Butler endorsed what I told the review about the need for greater experience of intelligence in the leadership of the DIS and considered that the Deputy Chief of Defence Intelligence should normally be an intelligence specialist. This recommendation has been rejected, and the MoD continued with successive appointment of non-specialists to this post since that began in 1999. The government response at the time was that the MoD would not guarantee to adhere to this recommendation as there was a problem in producing candidates of the right quality from within the ranks of professional intelligence analysts. This is somewhat ironic given the quality of the judgement made by a non-specialist Deputy Chief with respect to Iraq when, for reasons that have yet to be satisfactorily explained, an amateur DIS leadership overrode the advice of its professional staff to provide disastrous advice to the rest of the JIC. The Butler review clearly found the need for more experience of analysis to be imbedded in the intelligence community at the JIC level. This lesson has not been learned.

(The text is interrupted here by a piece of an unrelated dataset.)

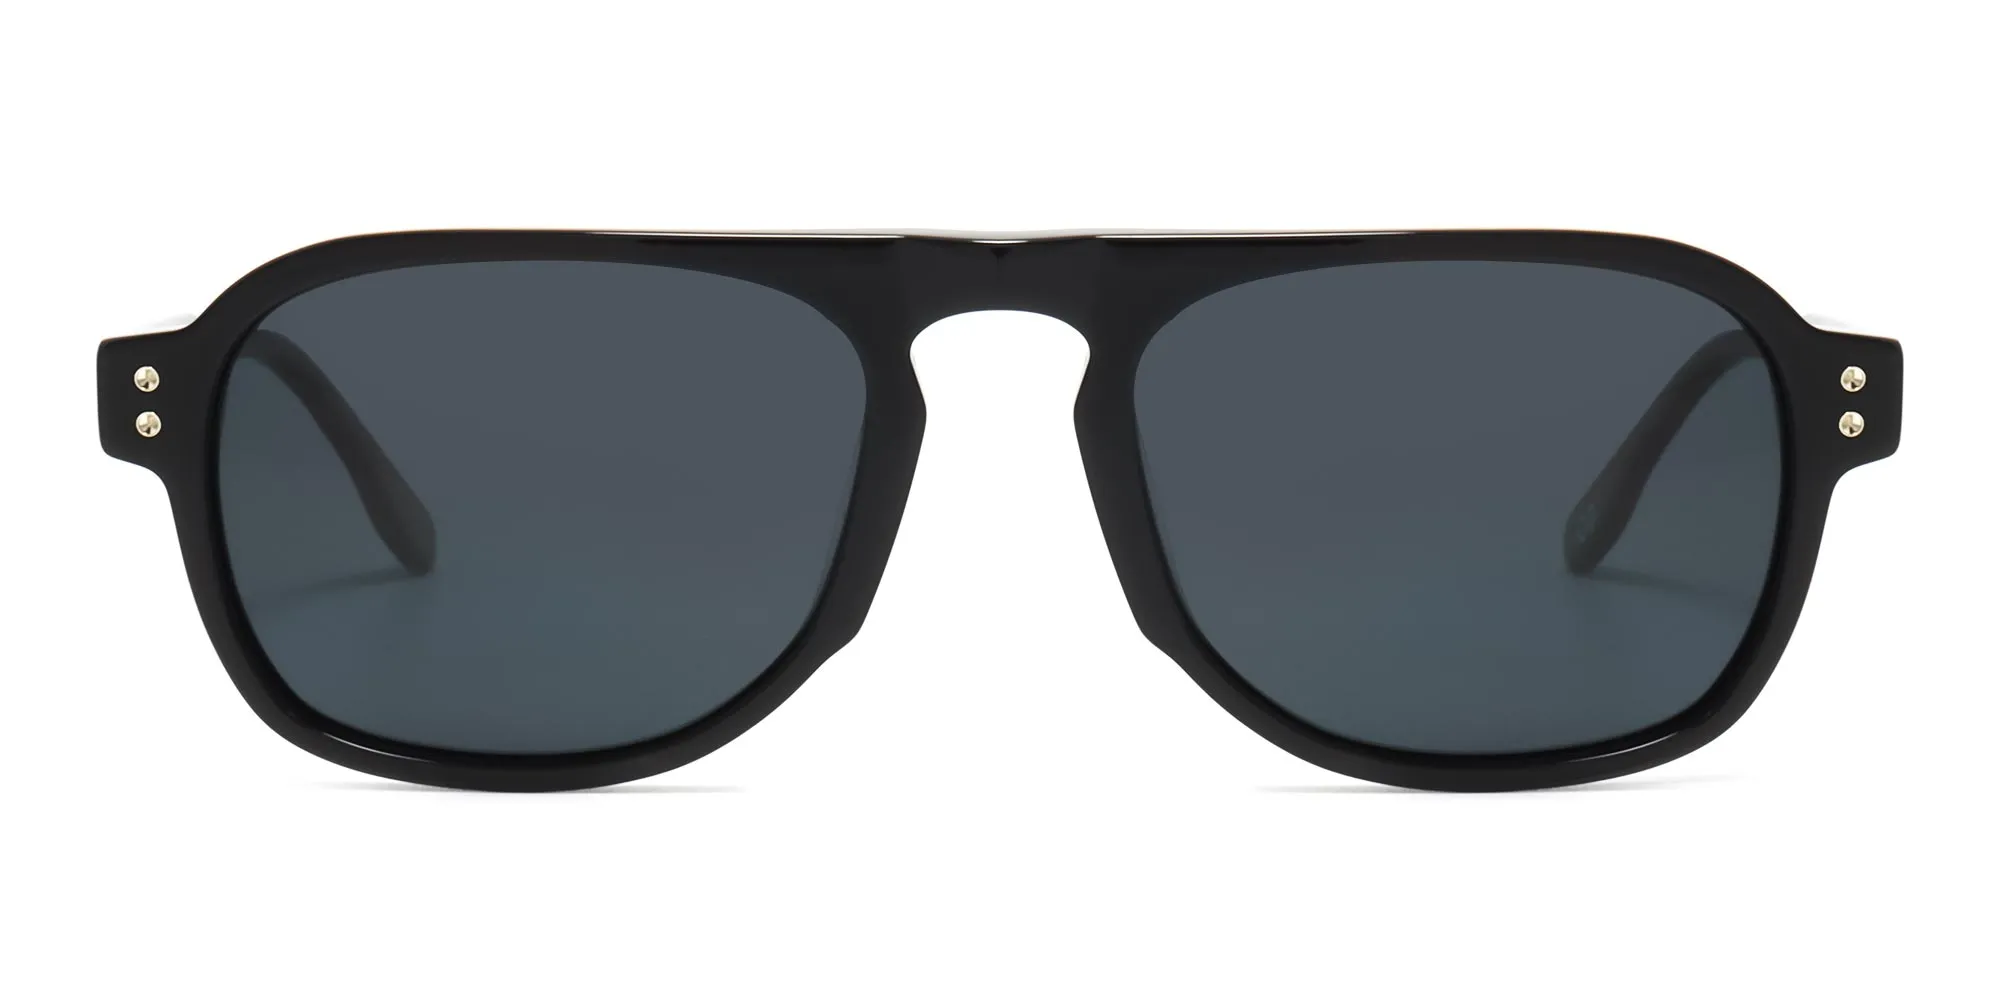 Black Pilot sunglasses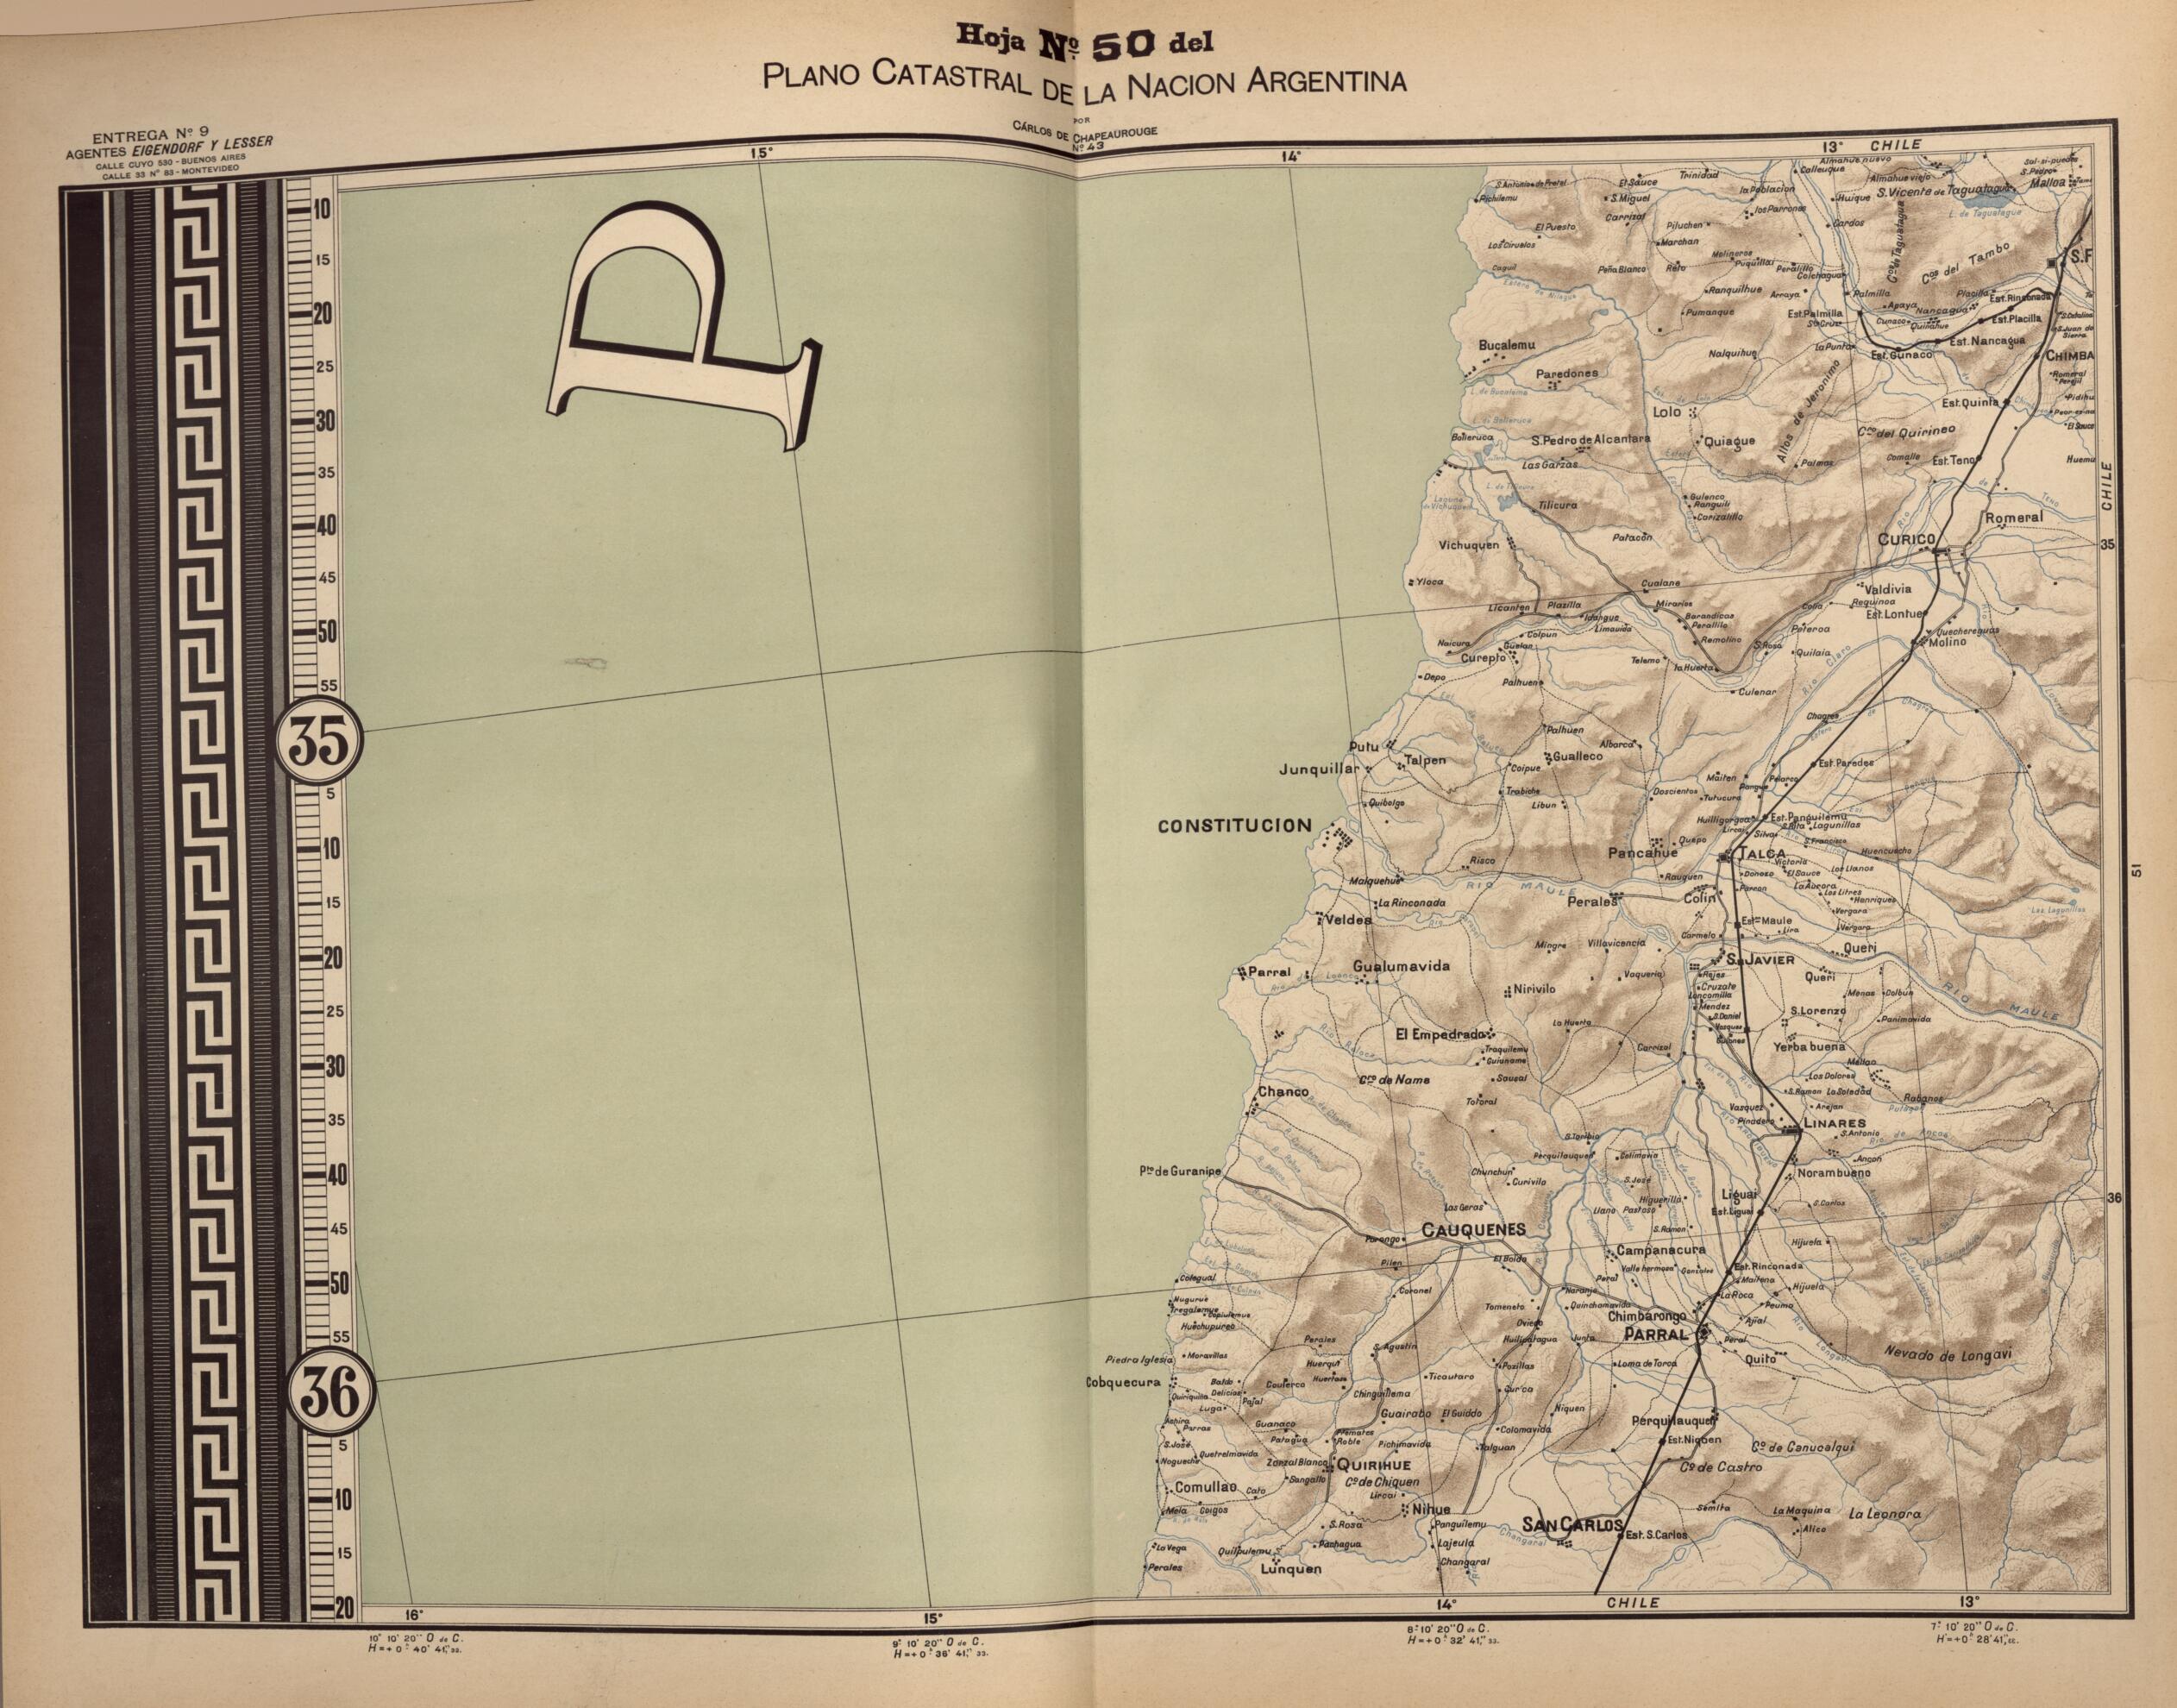 This old map of Plano Catastral De La Nacion Hoja No. 50 from República Argentina from 1905 was created by Carlos De Chapeaurouge in 1905

Recognising my advice with respect to the need for improved scientific and technical input to the assessment process, Butler thought it worth considering the appointment of a distinguished scientist to undertake a part-time role as adviser to the Cabinet Office. This has not happened.

Butler suggested the Assessment Staff was inadequately resourced and recommended a review of its size. It also asked for consideration of whether a career structure for analysts was appropriate. This seemed to admit that Butler thought there was substance to my arguments about the Assessment Staff and the lowly place of intelligence analysts in the community.

The government’s response to this seems to have been a marginal increase in the size of the Assessment Staff and the appointment of a Professional Head of Analysis in the central intelligence machine. The first appointment was a re-employed senior official who had retired at the rank below the most junior on the JIC. But the official was at least a former DIS analyst with wide experience of intelligence and its analysis. It is not clear what was decided about establishing a career structure that would lead to professional analysts in posts that had seats on the JIC.

However, when that individual stood down, the Head of Analysis position appears to have lapsed for a period, after which the role was taken on by the Chairman of the JIC. The chairman of the JIC is ranked at Permanent Secretary level which appears to give analysis a much higher profile. Unfortunately, as far as I know, the Chairman of the JIC does not come from an intelligence analysis background, and whilst he is probably well qualified to chair the committee, he would hardly seem to be the most sensible man to head a profession in which he has limited experience. Here then is another example of inquiry recommendations being largely ignored.

The Intelligence and Security Committee (ISC) was charged with overseeing the implementation of Butler and, in mid-2006, I took up some of these issues through its chairman. My intervention, which did not seem to be greeted with enthusiasm, was allowed to drag slowly on into 2008 and then conveniently allowed to fizzle out. Perhaps Chilcot will wish to consider whether its recommendations will be in receptive hands if an ISC answerable to the government rather than parliament is again asked to police implementation.

This background and experience leaves me with little optimism that any lessons relating to intelligence divined by the Inquiry from the Iraq experience will find their way through the maze of road-blocks and diversions that Whitehall is so good at devising.